When he learned an inmate in the Weld County Jail used the law to ask a judge to remove weapons from Reams and a unit in the jail, he was frustrated to see it being abused in the ways he warned against.

On Feb. 25, Weld District Chief Judge James Hartmann reviewed and denied a temporary extreme risk protection order filed by an inmate of the jail. Reams learned of the petition later that day, when Hartmann forwarded him the dismissal. The inmate will not be named at the request of Reams due to a concern the inmate is seeking notoriety through frivolous complaints.

Deputies “carry shotguns inside the jail intimidating and excessively abusing inmates with these shotguns,” the inmate wrote in the complaint. “These deputys (sic) carry these deadly weapons 24 hours a day patrolling the floors of this jail intimidating and threatening people for the most minor things.”

The “shotguns” the inmate referenced are actually less-than-lethal weapons used by a specialized team of deputies in the jail for situations with enhanced security risks. Hartmann determined the inmate failed to show the deputies posed “a significant risk of causing personal injury to self or others in the near future.”

The law allows family members, roommates or law enforcement to petition courts for an extreme risk protection order. The inmate claimed he regularly resides with Reams and the jail deputies, a question Hartmann did not address. Reams said they’re reviewing the petition front and back to see if any criminal charges apply.

When a Fort Collins woman filed a petition against a Colorado State University police officer and falsely said they shared a child together, police issued an arrest warrant on suspicion of perjury, The Denver Post reported.

“I don’t know that the law doesn’t allow for him to use that interpretation,” Reams said. “I don’t know that I could say he perjured himself at this point based on how poorly this law is written.”

The inmate has a history of filing complaints about the jail since his arrest in May 2016. His two ongoing court cases in Weld County have been delayed by mental competency evaluations and mental health commitment in March 2018, according to online court records.

The inmate wrote to the U.S. Attorney’s Office in March 2018 that a fellow inmate was shot “at least seven times” in October 2017, prompting an inquiry. Reams said he wasn’t aware of any progress on the inquiry, and a spokesman for the U.S. Attorney’s Office did not return a call seeking updates.

Despite the complaint, Reams said, employees of the jail have not had to use any force against the inmate.

Reams said he wasn’t sure why the inmate filed the petition, but he said he’d like to see the inmate’s court cases completed, so the inmate would no longer be in his facility.

“He’s very frustrated with being in the facility.
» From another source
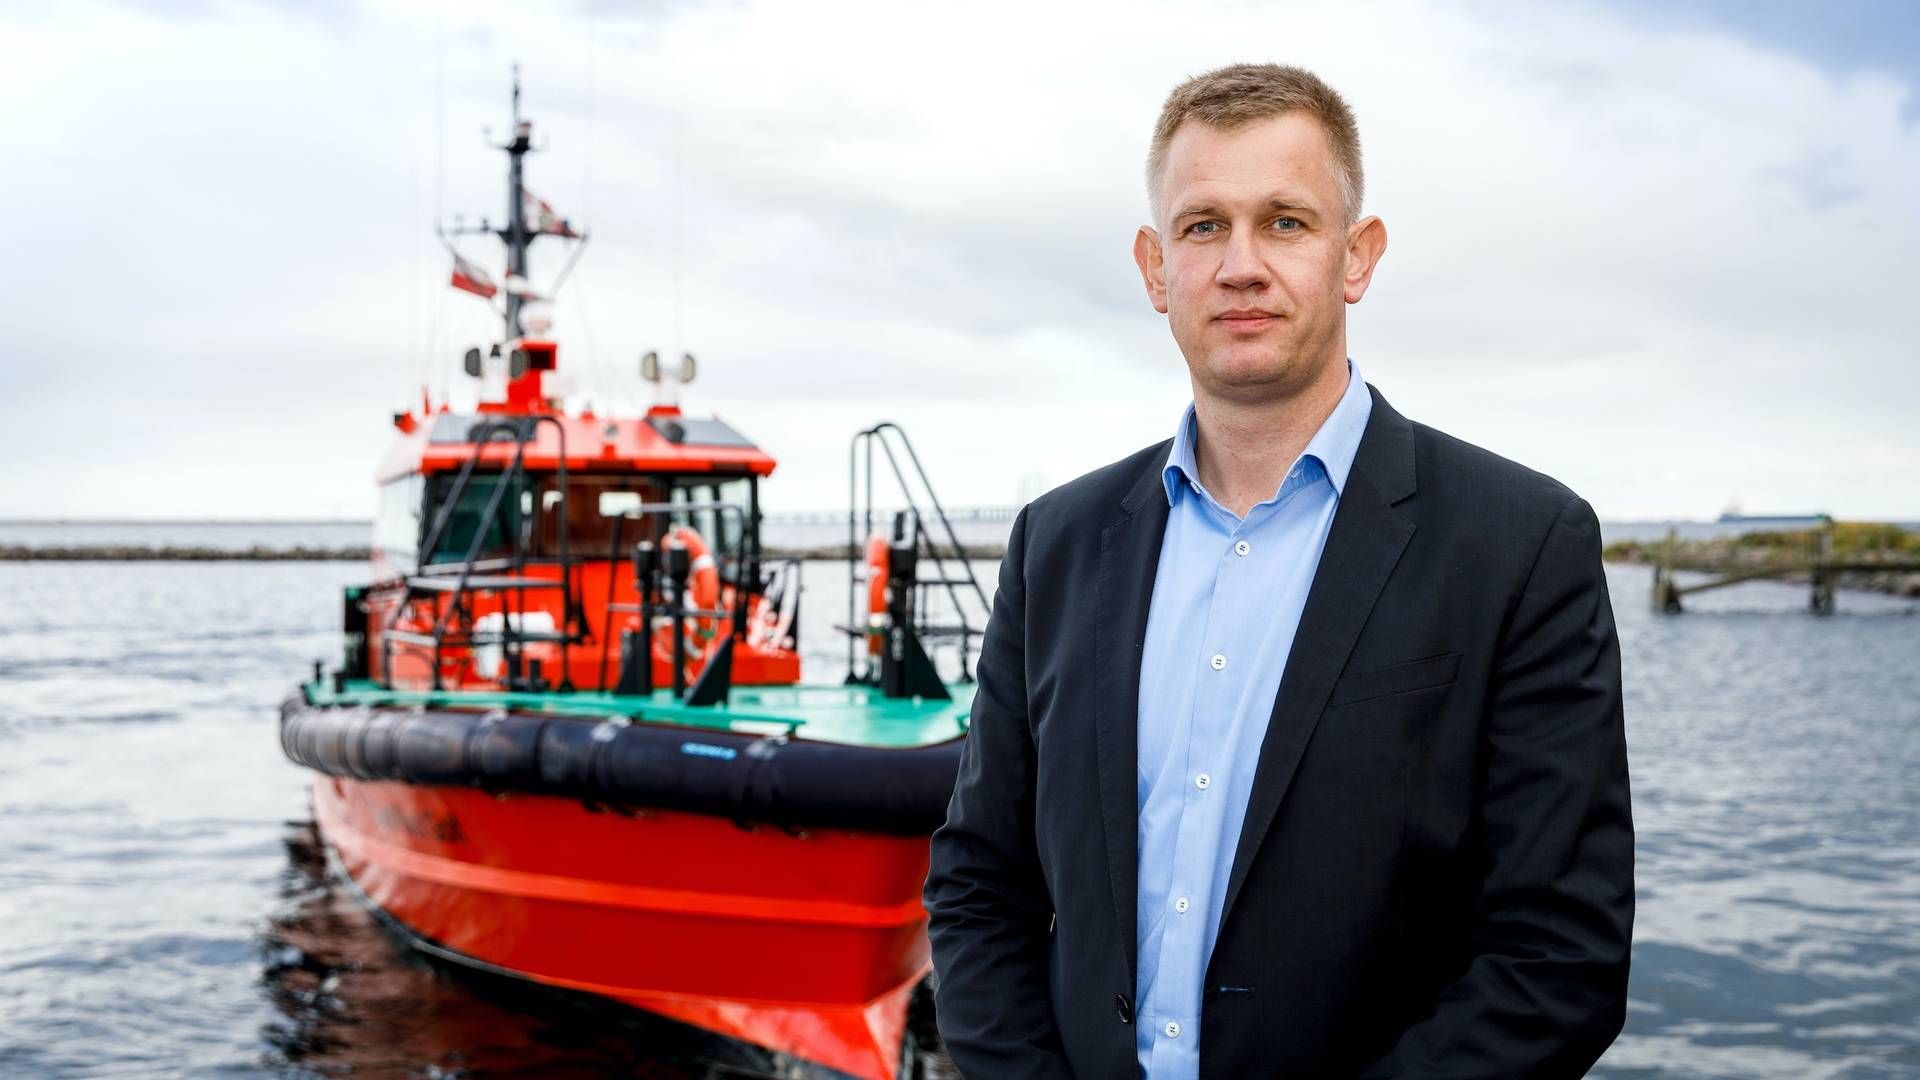 (ARKIV) En ny undtagelse i EU's sanktionskamp kan være en fordel af danske lodsningsselskaber som Danpilot, vurderer adm. direktør Erik Merkes Nielsen. | Foto: Pr-foto

He’s been there for quite some time,” Reams said. “He’s definitely entertained himself with letter writings to whomever will listen.”

Reams said he will not enforce any red flag orders sent to his office, on the basis that he interprets the law to be unconstitutional. Though advocates for the law may say the judge’s dismissal shows there are safeguards in place, Reams said things could have played out differently.

“It was probably fortunate in the way (the inmate) is well known to the court system here, so that probably raised a few red flags,” he said. “Had it been any other inmate or judge who was not necessarily aware of (the inmate) or the environment that he comes from, I don’t know that the outcome would have been the same.”


----------



## Roy Fehler (Jun 15, 2010)

Gun rights advocates need to start filing red flag complaints against police chiefs, sheriffs, and all politicians who have concealed carry permits.

Once the beautiful people are inconvenienced, then things will change.


----------